Like many living and working on Thursday Island, Deidree Whap’s story about how she joined QAS 26 years ago is unique.

‘I live next door to the ambulance station and I always watched what they were doing, until one day the superintendent asked me if I wanted to come over and have a look,’ Deidree said.

‘I followed up with the honorary service – they usually have a group of community members come into the station and they get to have a look around the station – and if the superintendent ever needed help, they’d call up and that’s how I started.’

After working as an honorary, Deidree then became a cadet and was eventually admitted into the Indigenous programme with her aunt in 1989.

‘The work has definitely changed a lot since then, which has been good I think,’ she said.

‘We used to drive in an old Toyota as an ambulance and then a Mitsubishi van, and it used to be so cramped.

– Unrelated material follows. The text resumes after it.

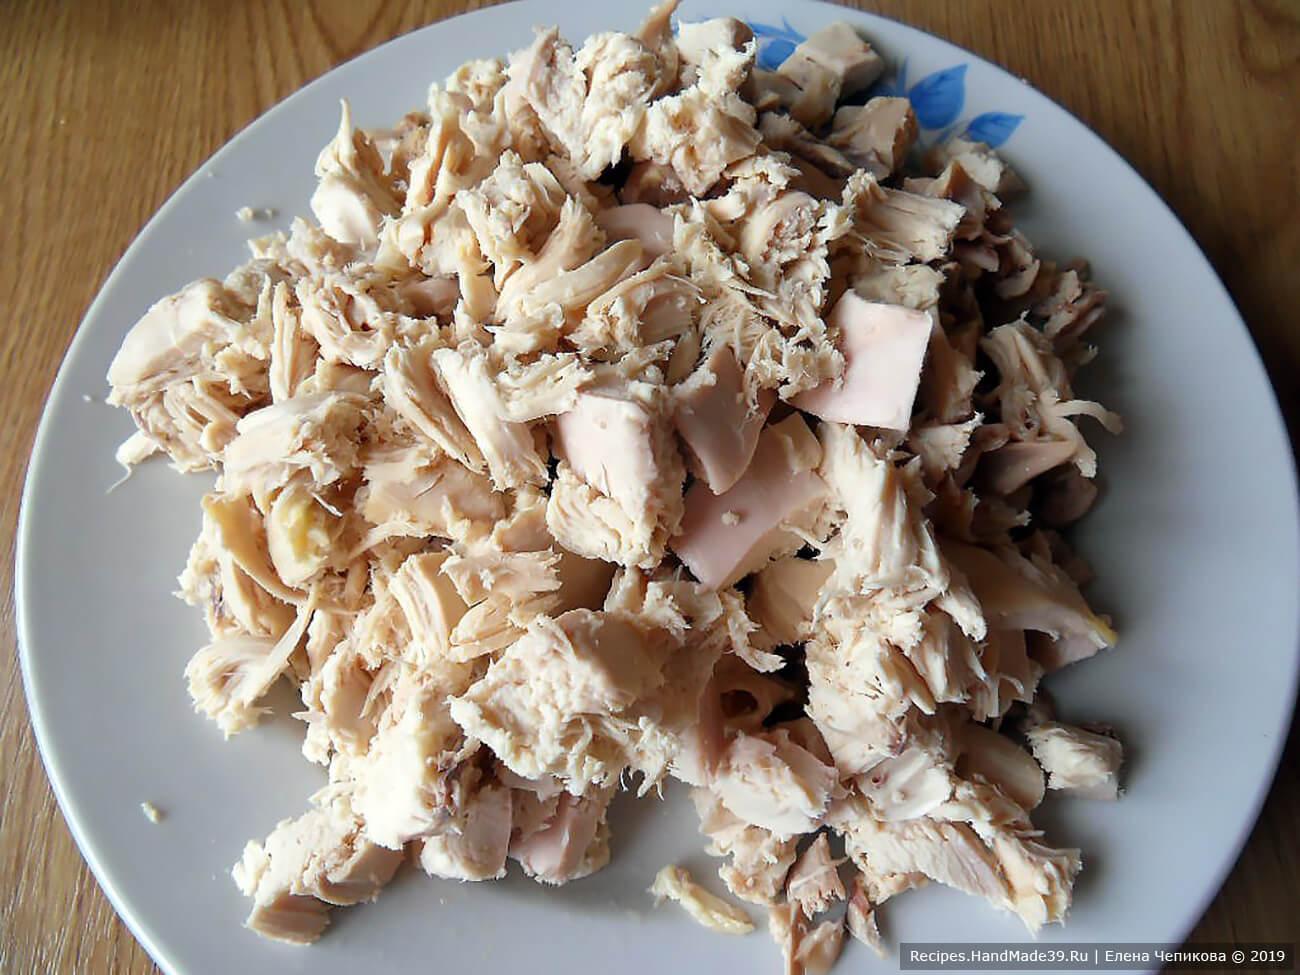 Курицу вынуть из бульона. Мясо отделить от костей, нарезать мелкими кубиками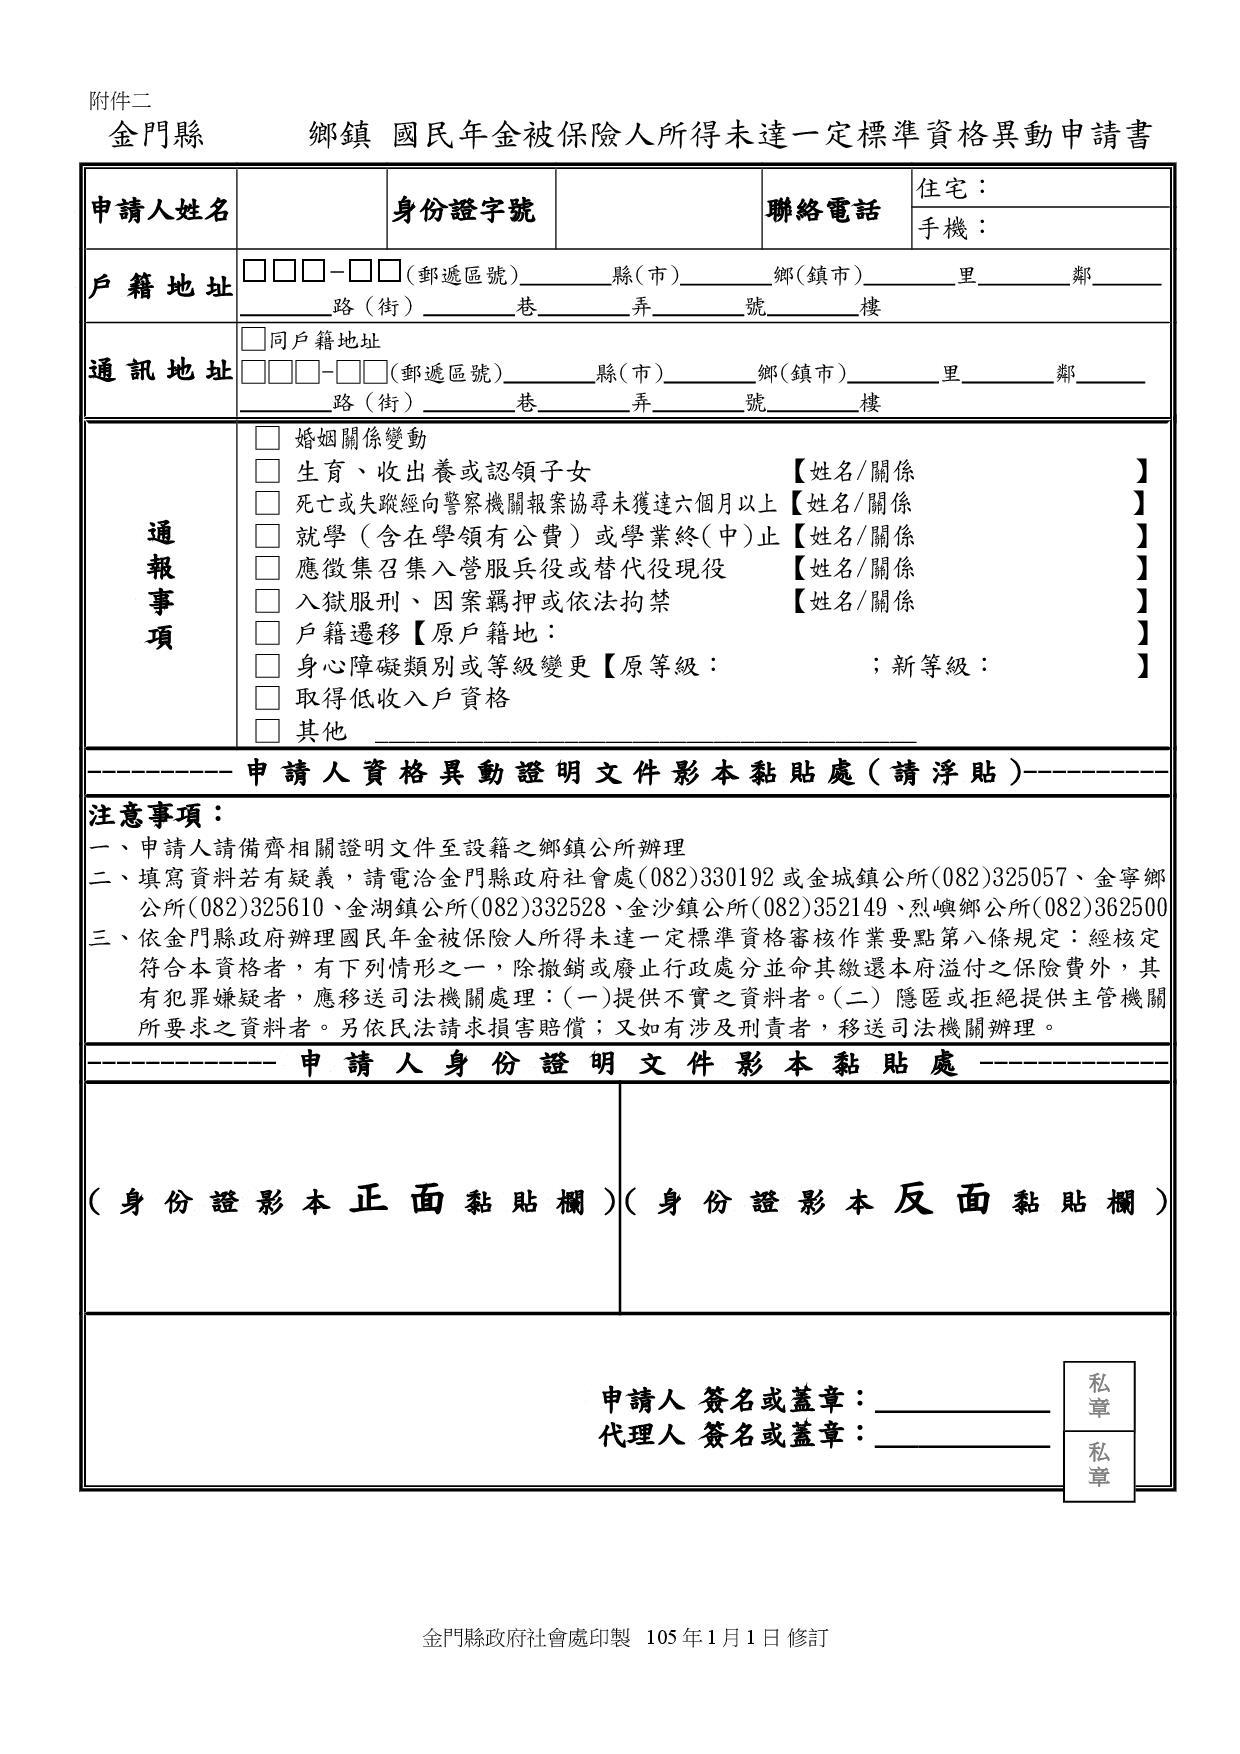 國民年金-資格異動申請書105版

‘Also, the stretchers were really hard back then and you needed two people to lift it.

‘Back then it was really meant to be a two-person job, whereas now, even with stretchers, you can operate as one person.’

Being self-sufficient on the road is certainly an important part of being an ambulance officer on Thursday Island, but, like OIC David Cameron, Deidree is aware of the strong sense of community.

‘On the mainland, for example, you’d have to ring for a mechanic to come and change a tyre, but here on Thursday Island you have to do it yourself,’ she said.

‘But even when I have gotten a flat, I had people from the community assisting, saying ‘No, Deidree, you can’t do it yourself.’ And I said ‘No, we’re trained to do it ourselves.’’

Likewise, Deidree feels an important connection to Thursday Island.

‘I’ve been to Cairns, I’ve worked in Cairns, but that’s only been if they want relief. Or we go down there to do some training. I mean, I’ve got options but when they started to recruit Indigenous people into the workforce they wanted people to work in their own community and that’s what I’m doing,’ she said.

‘I’ve also worked in Weipa and Bamaga, but I think my heart is here and I need to give back to the community.

‘Just last year, when I got my 25 years, I counted and I’ve worked under one superintendent and 25 OICs.

‘It’s been an interesting journey – QAS has made me the person I am today.’